Saturday, June 27, 2009

So you would think that a race injury might be running related, like a turned ankle or a pulled muscle, both of which I have done. I've even fallen down while running! (A few times, actually, but never during a race. Not yet anyway...) But today was a new one.

Let me start by saying that I like to wear hats while I run. They keep the sun off my face and the sweat out of my eyes. They cover my crazy halo of frizz that can't seem to control. I do, however, have a hard time with finding hats that fit and stay DOWN on my head, so I am constantly pulling the brim down. All of my older hats have stains on the brim from the contstant tugging and adjusting. The hat I wore today is relatively new, and I have only worn it on a few runs. I knew as soon as the race started that this hat was going to drive me bonkers. It wouldn't stay in place, and it was a breezy morning to boot, so I was having a hard time keeping it on.

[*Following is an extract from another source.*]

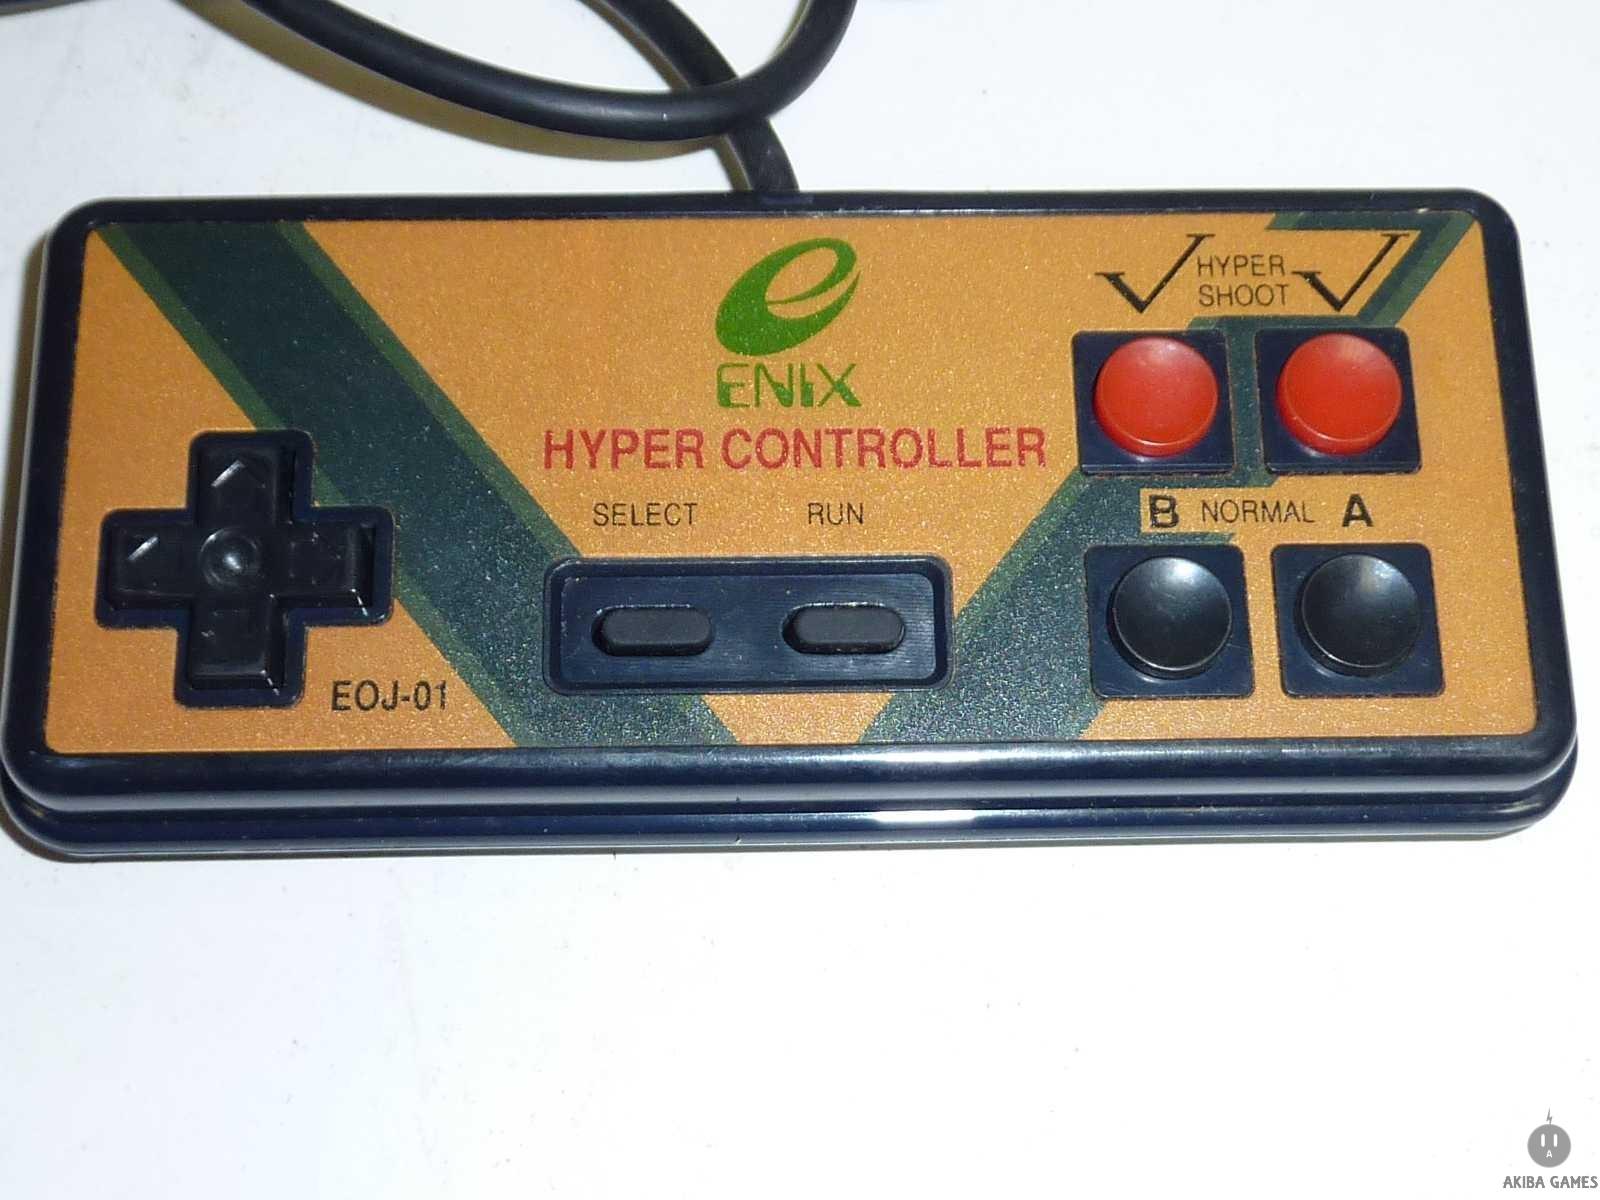 [FMT] ENIX Hyper Controller EOJ-01 (NO BOX, NO BOOK)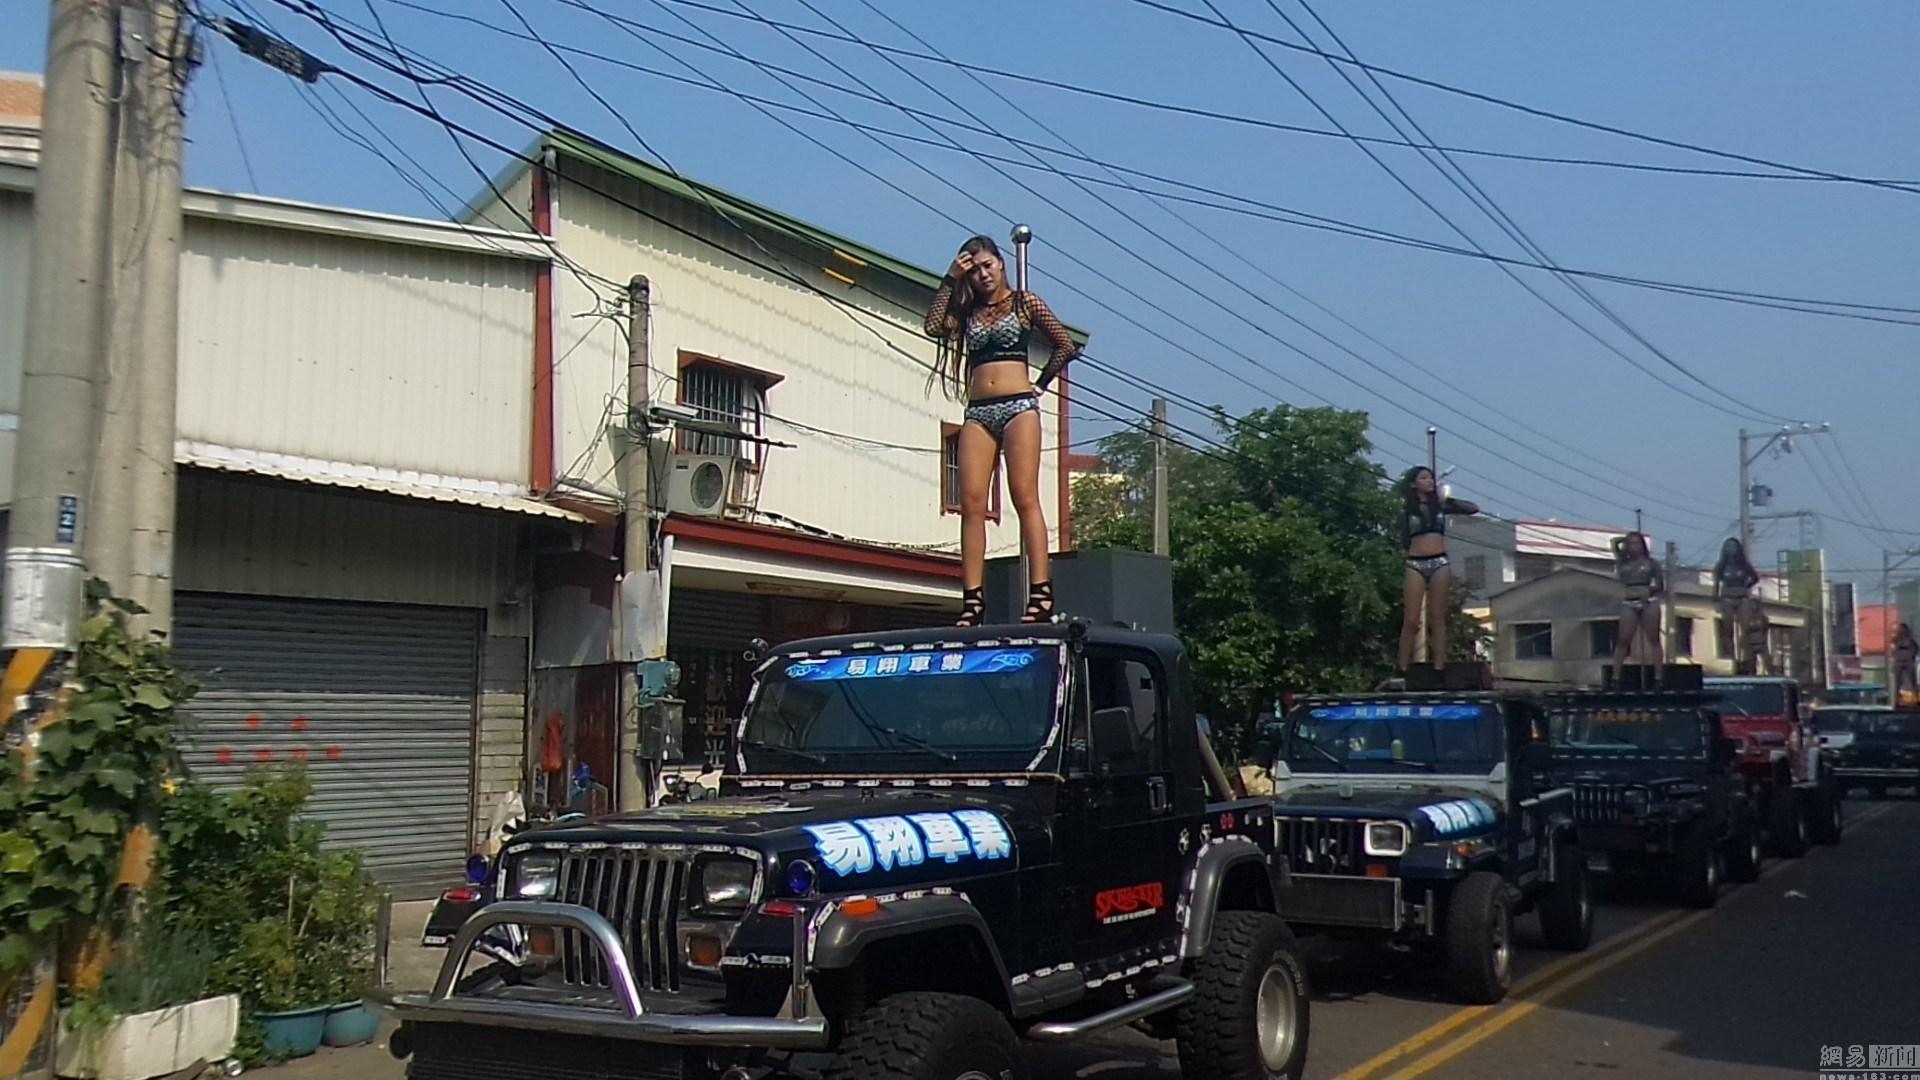 明升m88.com县城前议长出殡 50辆车载女郎跳钢管舞

So there I was, somewhere in Mile 2 of my race, when a big gust of wind swept in. I felt my hat lift off my head and tried to grab it, but ended up poking myself in the eye. HARD! Like stabbing pain and blurry vision hard. I managed to recover, but YOWZA, it really hurt. Well, I kind of forgot about it until I saw myself in the mirror later, only to discover that I have a big red patch in the white of my eye -- you know the kind you get when you burst a bunch of blood vessels. So there it is, physical evidence of my clumsiness.

Oh well, I still had a great race, even injured. emoticon

  
  Member Comments About This Blog Post:

KKLAJOIE 6/27/2009 10:40PM

    I had my hat blow off twice last night during a bicycle ride. Both times my son doubled back to get it. I didn't slow down though, because I knew he'd catch up with me in a heartbeat! Great job, fantastic finish!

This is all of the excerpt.